[Activity] Write out exactly the lines below starting at the one containing "Neet Reproduction In" and ending at the one containing "#165 Book Breakdown". Omit every picture.

[Information given]
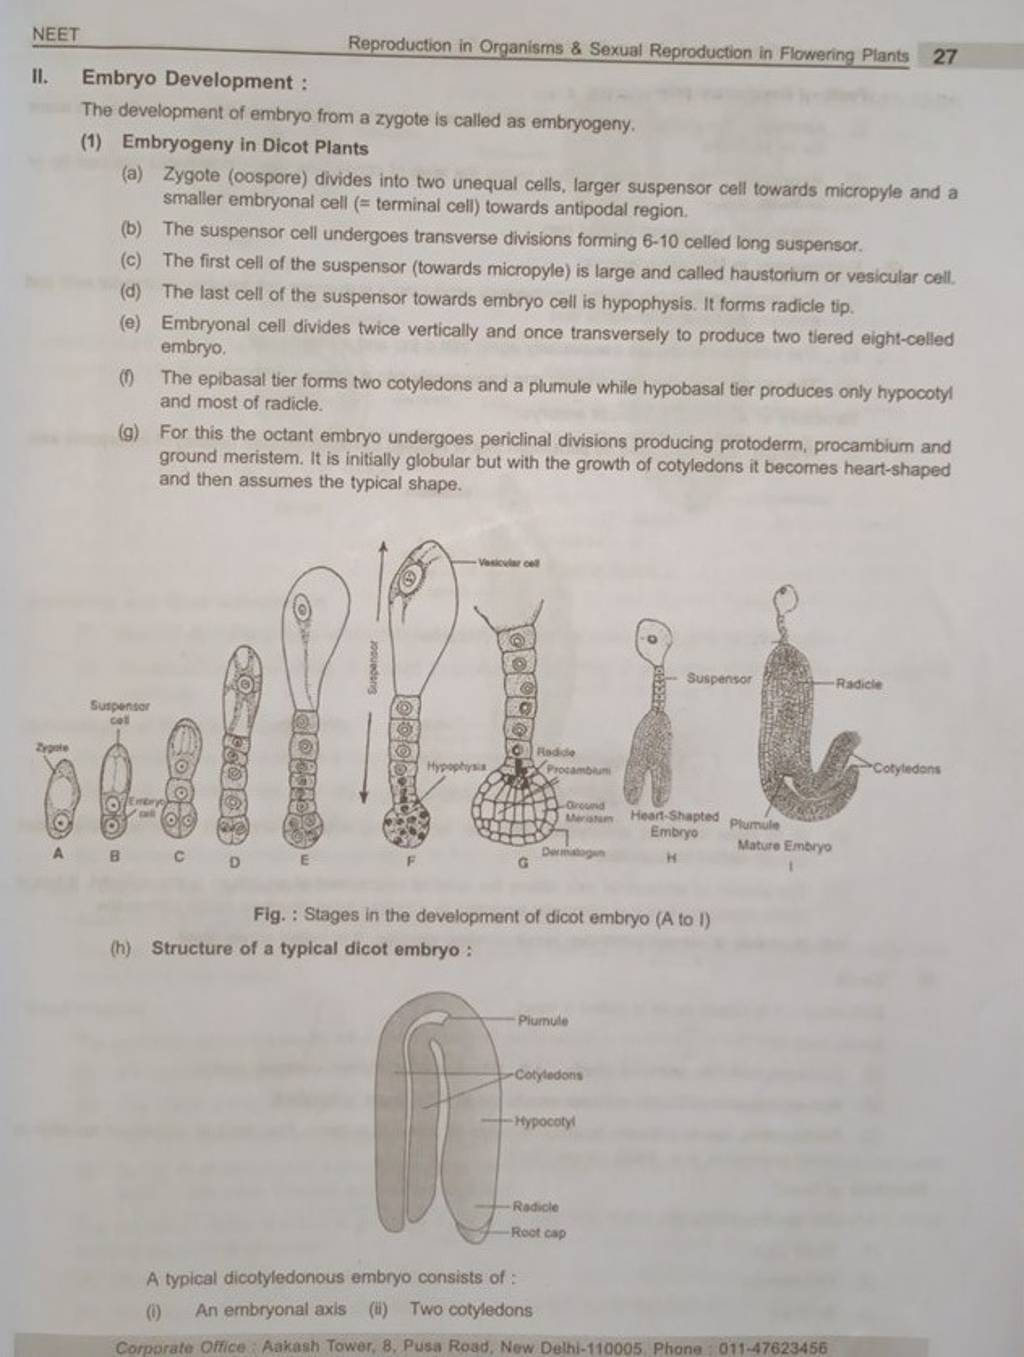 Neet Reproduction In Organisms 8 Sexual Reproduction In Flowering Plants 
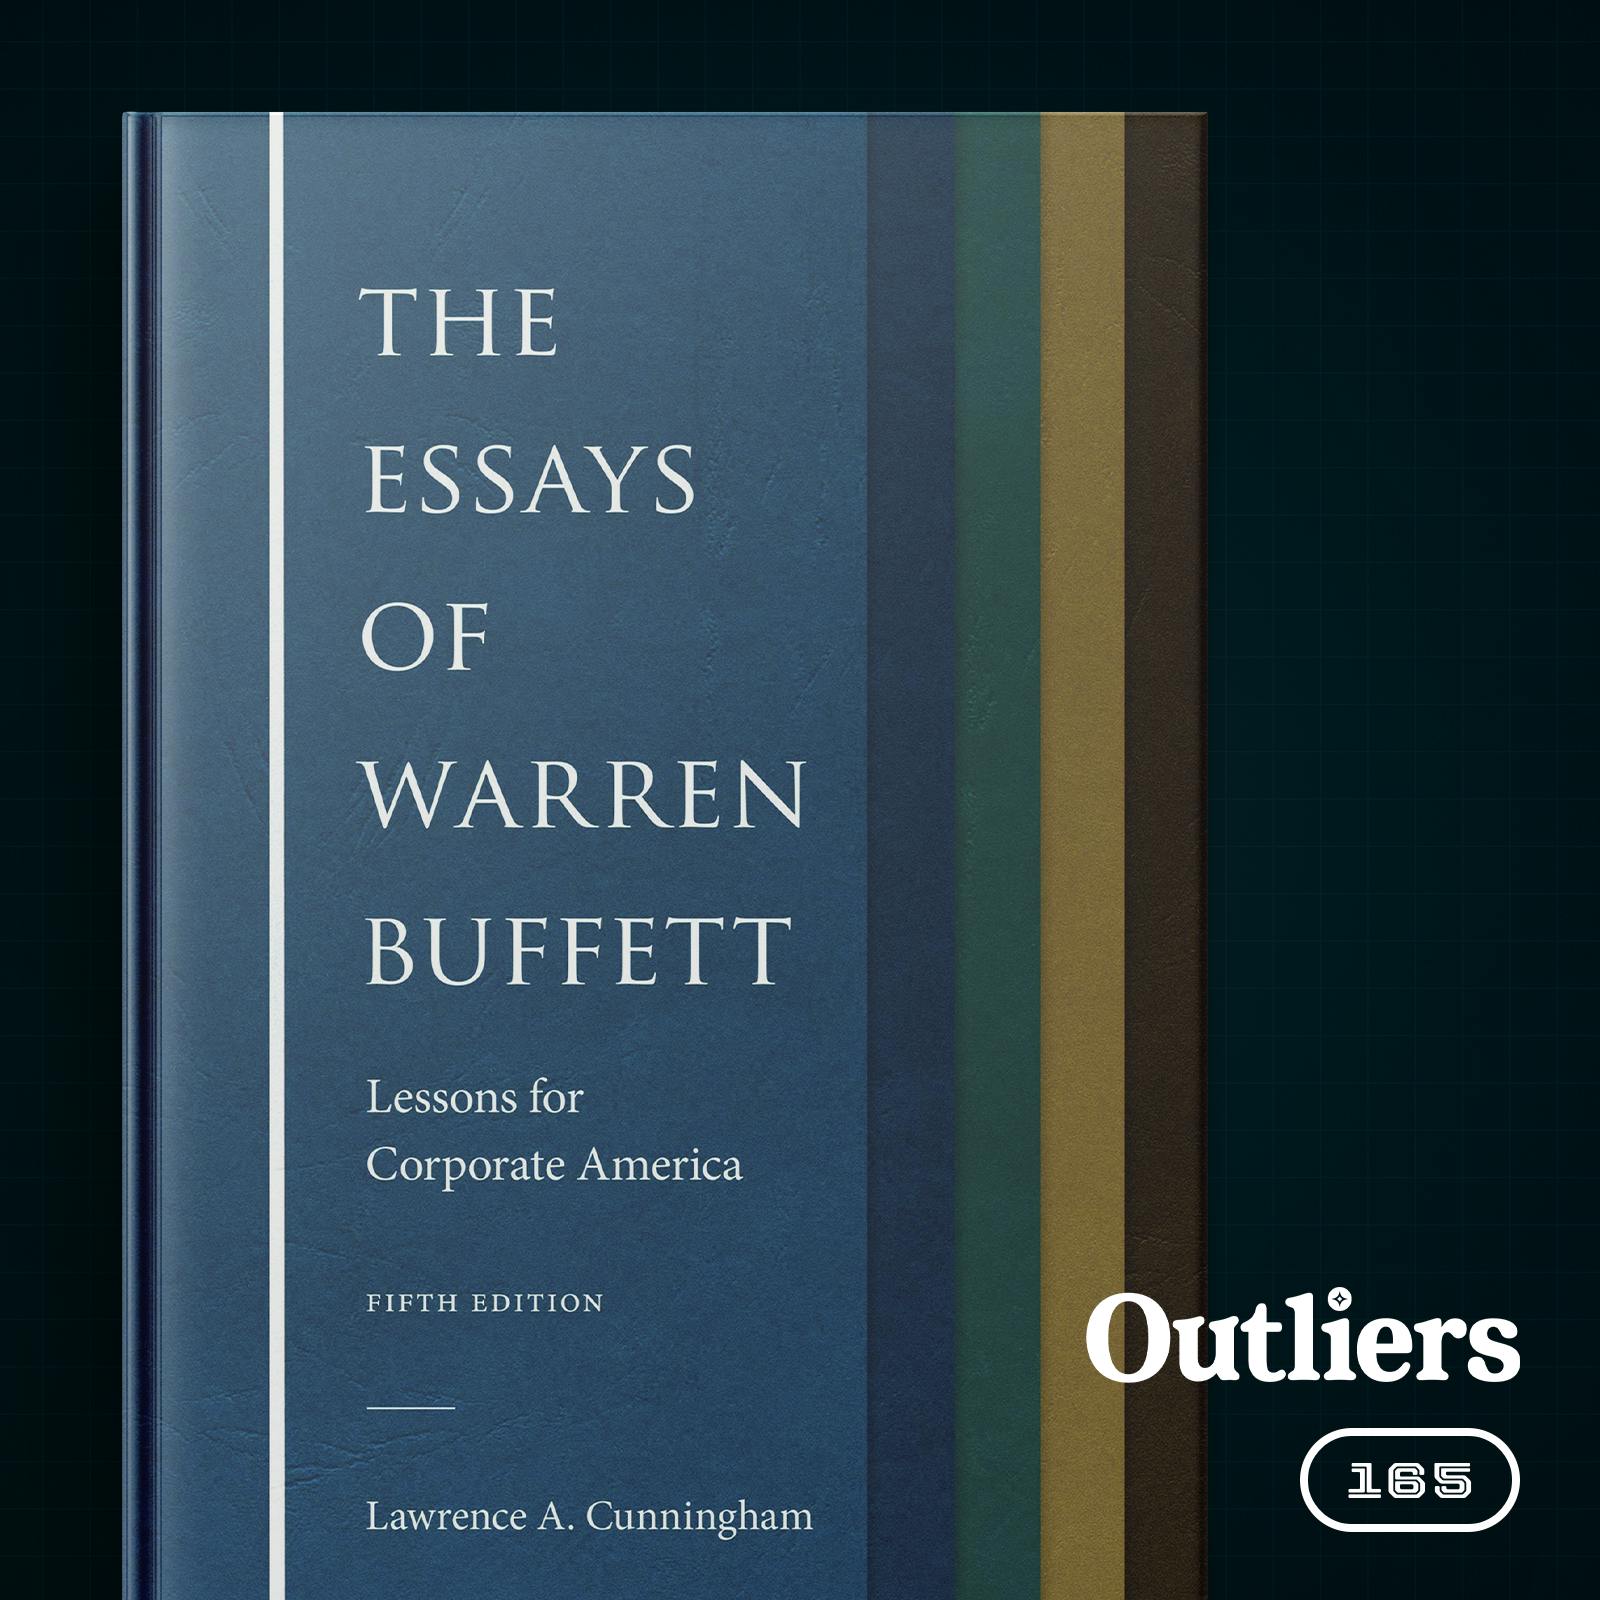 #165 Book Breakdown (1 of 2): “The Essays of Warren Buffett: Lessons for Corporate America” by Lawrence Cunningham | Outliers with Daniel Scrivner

--

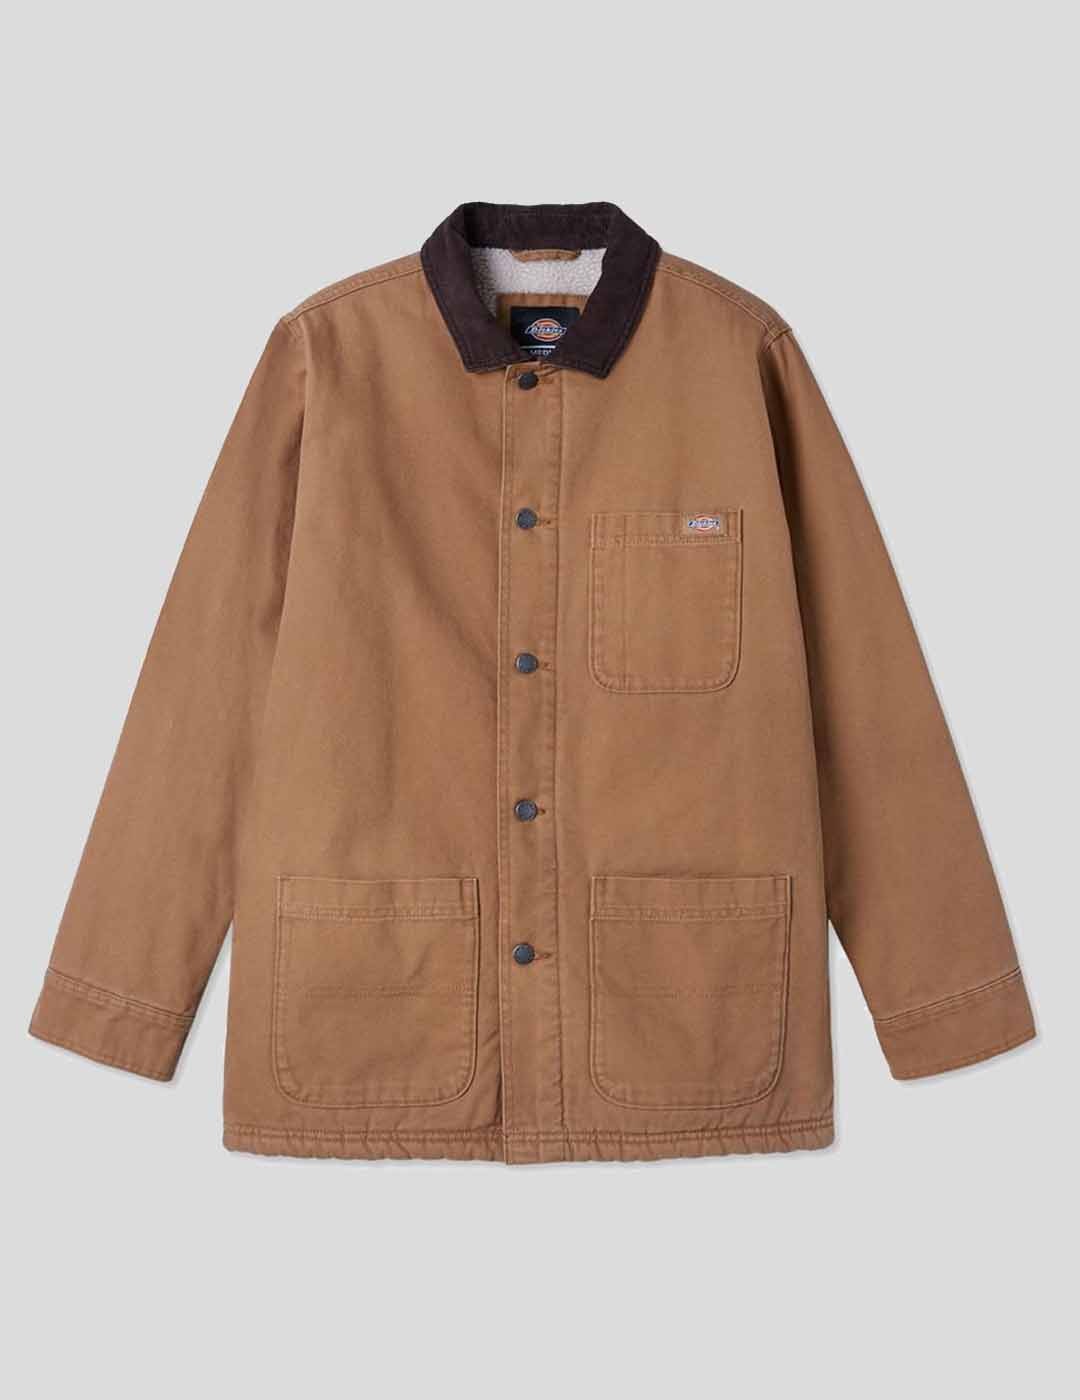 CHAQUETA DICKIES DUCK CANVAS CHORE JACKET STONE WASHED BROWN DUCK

[Output below]
 Neet Reproduction In Organisms 8 Sexual Reproduction In Flowering Plants 
 #165 Book Breakdown (1 of 2): “The Essays of Warren Buffett: Lessons for Corporate America” by Lawrence Cunningham | Outliers with Daniel Scrivner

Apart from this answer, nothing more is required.